(Dataset records)

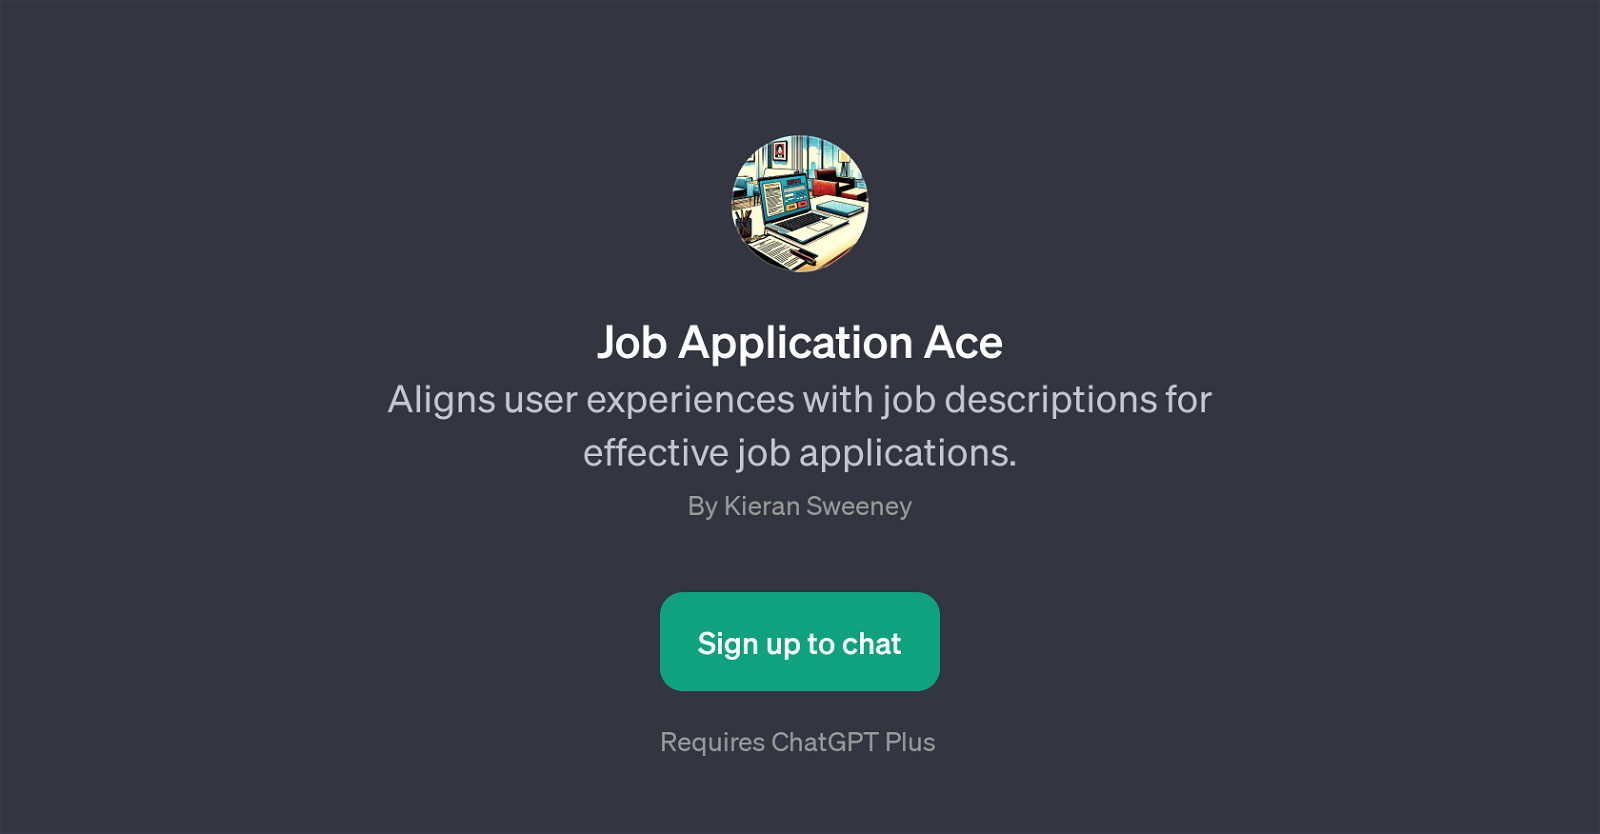 Job Application Ace website
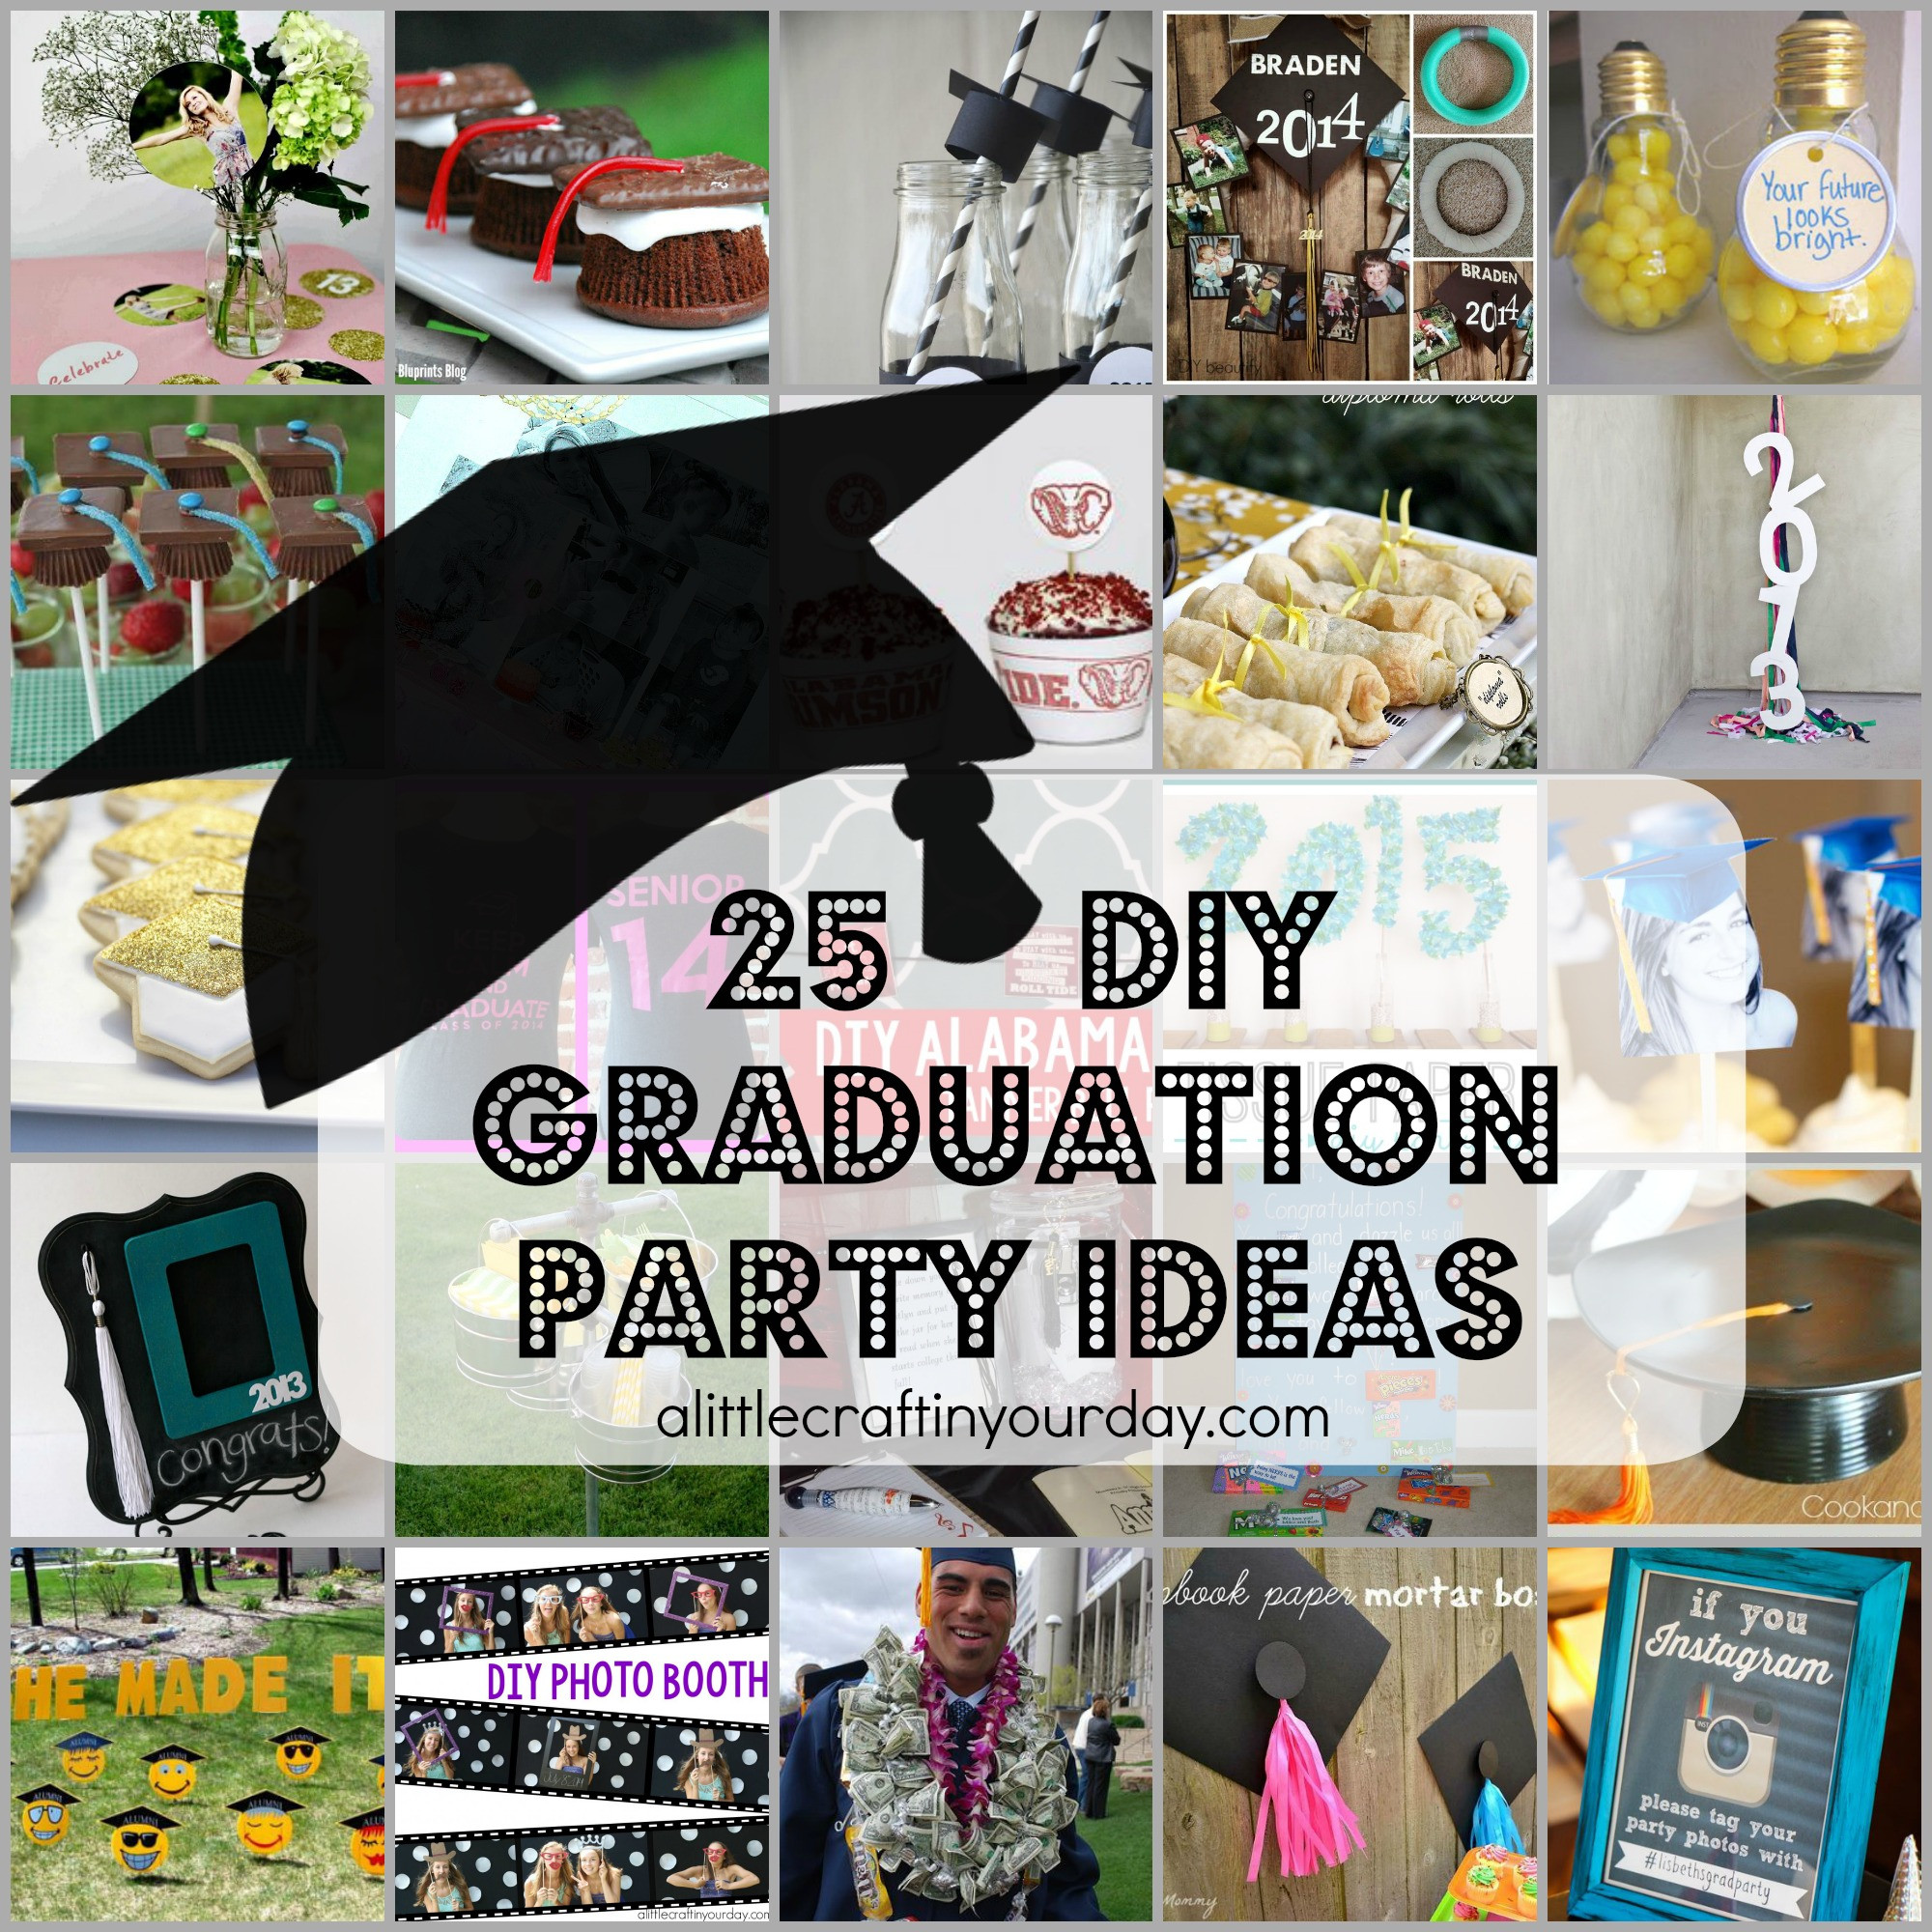 Boy High School Graduation Party Ideas
 25 DIY Graduation Party Ideas A Little Craft In Your Day
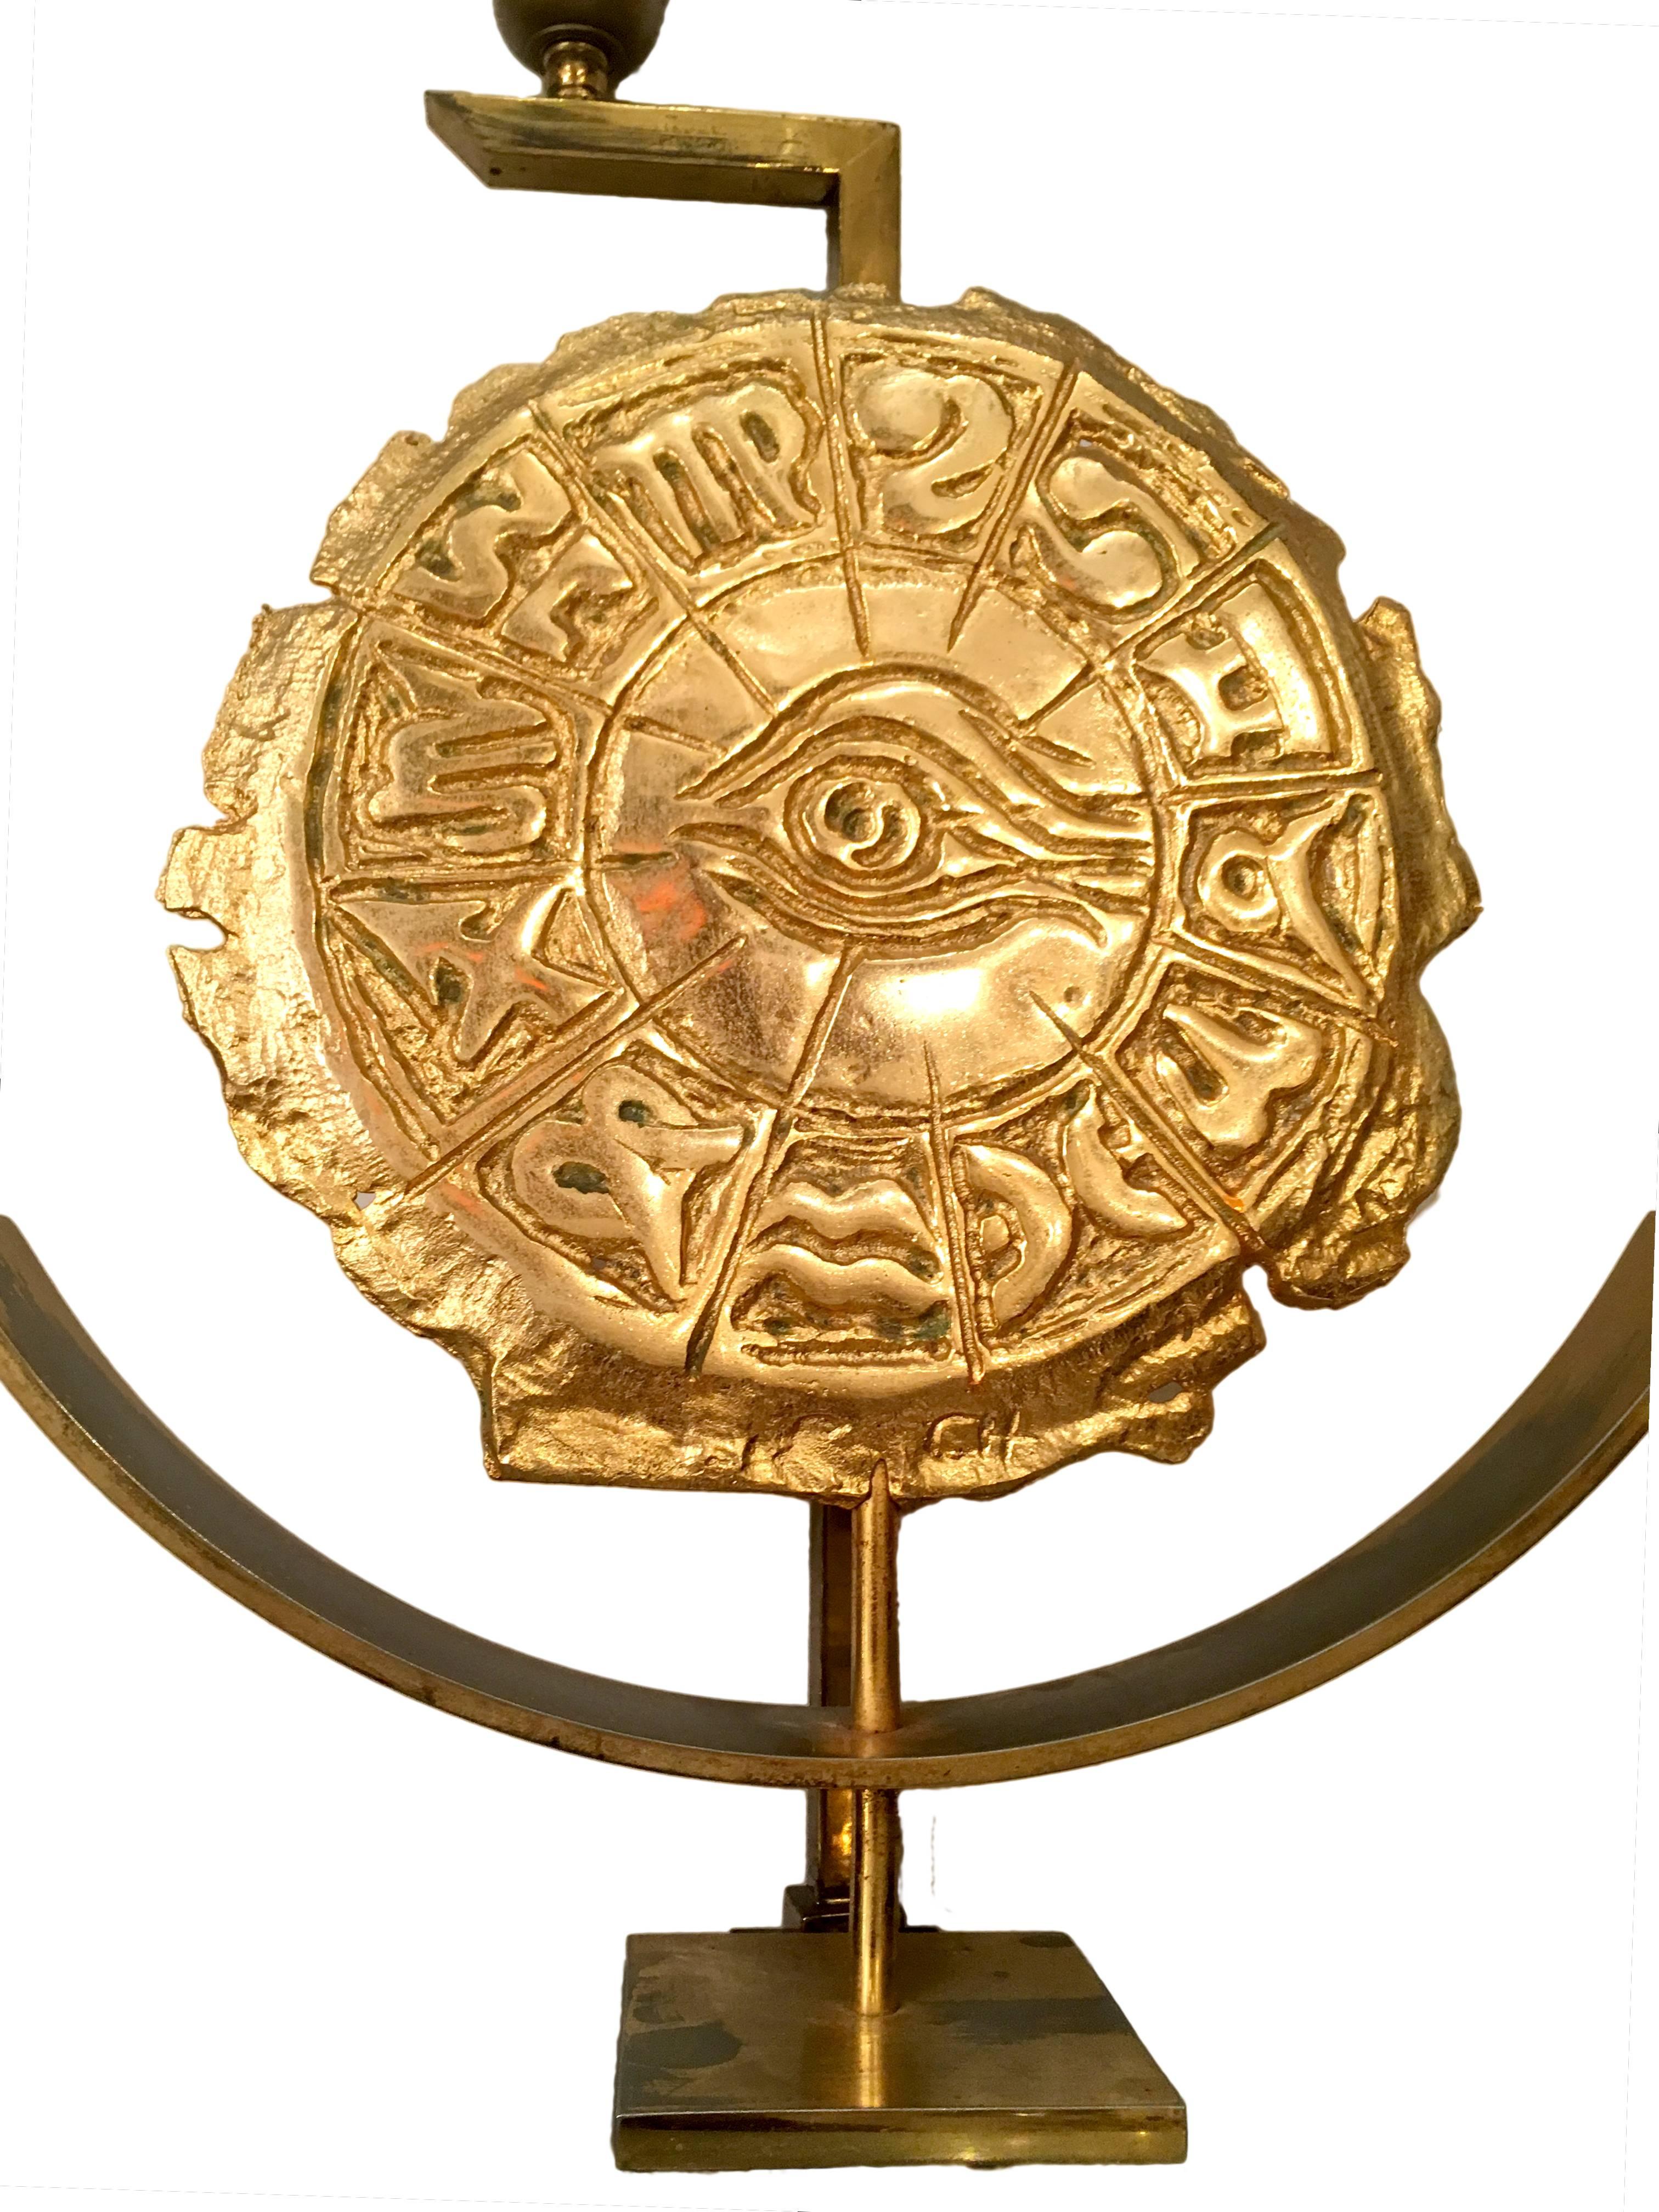 A circa 1960s Italian gilt bronze lamp with zodiac wheel detail.

Measurements:
Height of body: 16

Work to be completed → Please print each of the records word for word, keeping the pictures out.

Written answer →
 Job Application Ace website
 Boy High School Graduation Party Ideas
 25 DIY Graduation Party Ideas A Little Craft In Your Day
 A circa 1960s Italian gilt bronze lamp with zodiac wheel detail.

Measurements:
Height of body: 16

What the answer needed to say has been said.